The bill requires the Secretary of Health and Human Services (HHS) to appoint a Federal Coordinator to oversee the creation of the database, as well as coordinate related programs within HHS and serve as a liaison to state and local governments. The Federal Coordinator would work in consultation with the Department of Justice, Department of Veteran Affairs, the Office of National Drug Control Policy, and other relevant agencies.

The database would act as a central location for the public to find information on the following:

  • Federal funding allocations made available for research and treatment of opioid abuse;
  • Research relating to opioid abuse from all federal agencies, state and local governments, non-profits, law enforcement, medical experts, public health educators, and even research institutes.

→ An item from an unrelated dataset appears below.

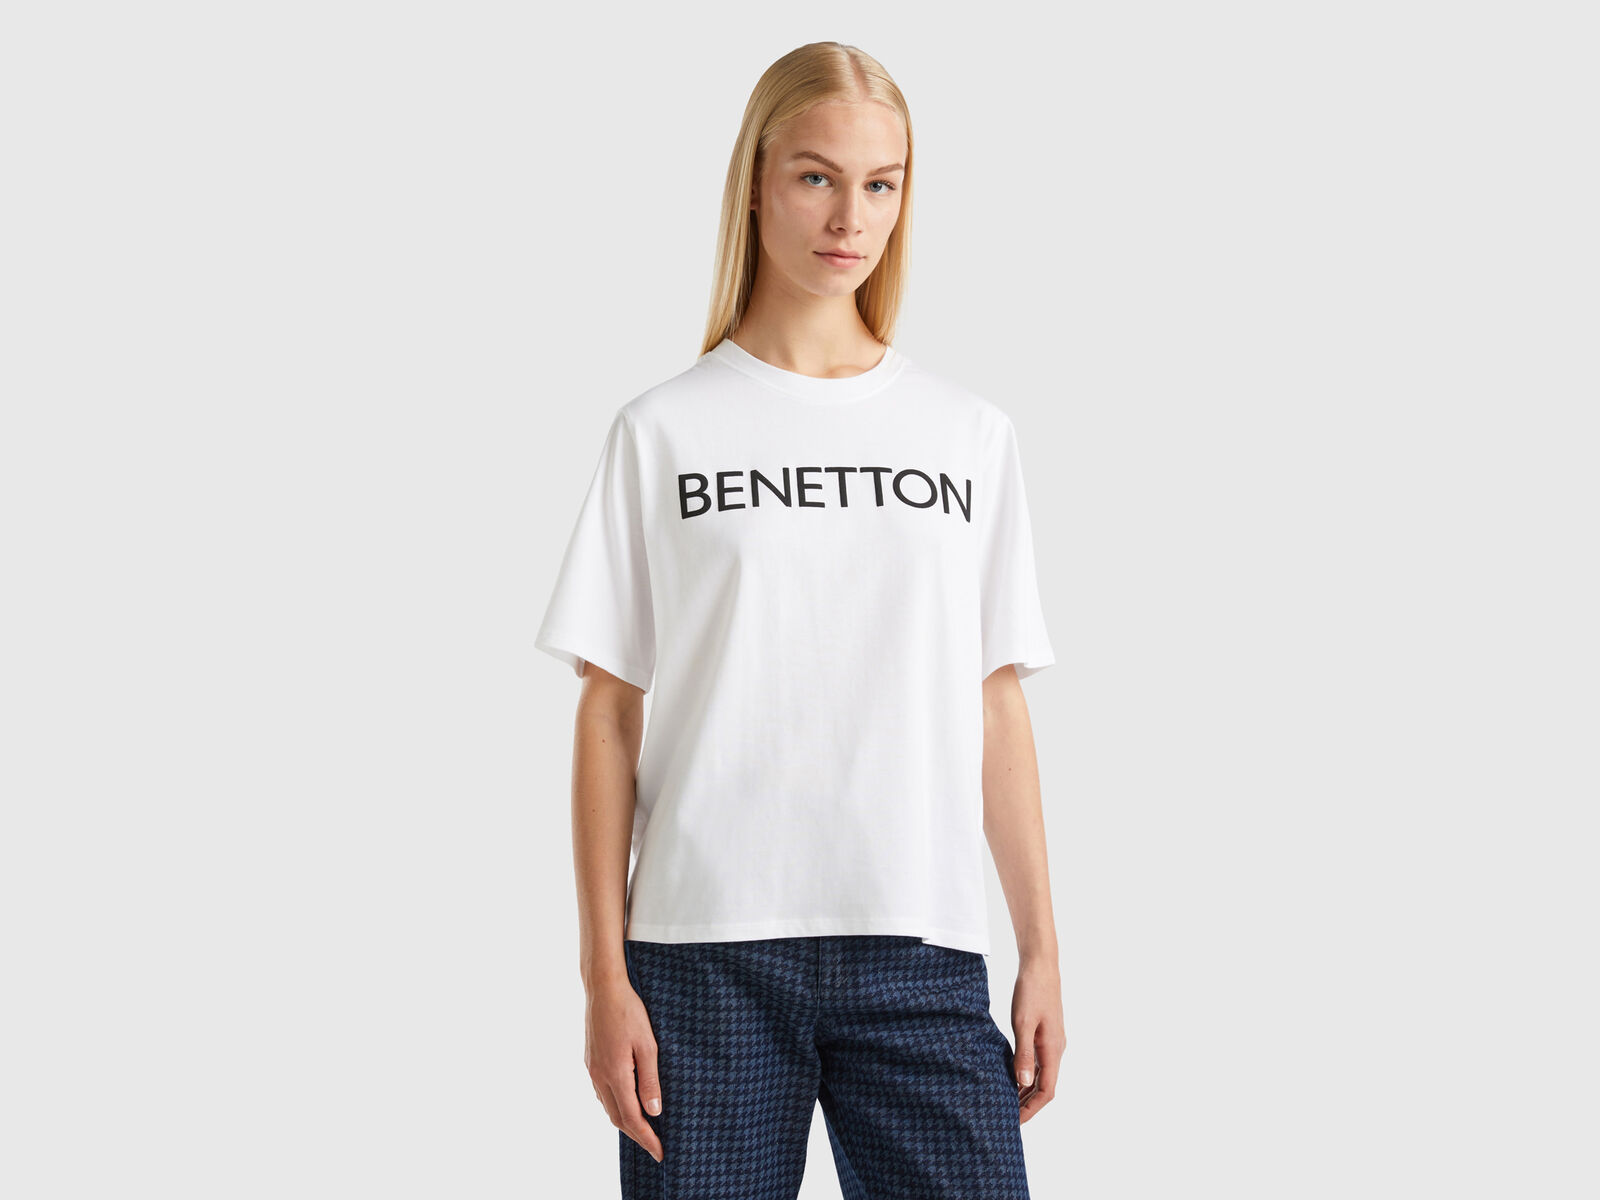 Benetton | - T-shirt with logo White text

The bill would also require HHS to evaluate other issues relating to pain management, addiction, prescription guidelines, treatments, trends and patterns, and effective solutions and programs used across the country.  HHS would be required to:

  • Examine causes and patterns in pain management and addiction;
  • Evaluate opioid abuse treatment programs, including medicated-assisted treatments, and determine their effectiveness;
  • Analyze opioid prescription guidelines, including types of opioids prescribed and trends, and recommend alternatives for pain treatment; and
  • Examine abuse rates among veterans versus the general population.

The Federal Coordinator would be responsible to submit a report to Congress one year after the date of enactment, and an additional report after five years, of results of any analysis, evaluation, or comparison conducted under their direction.

“Communities in Ohio and around the nation continue to suffer from the rise of opioid abuse and addiction,” said Latta. “While the magnitude of this crisis is evident in the number of opioid-related deaths, we’re still lacking basic information on the effectiveness of federal programs and other efforts. In order to develop the best plans to attack this problem, we need the best information. The INFO Act would improve data collection relating to addiction, prescription guidelines, treatment, pain management, patterns of abuse, and other areas in order to find help find solutions. When it comes to this crisis, failure is not an option.”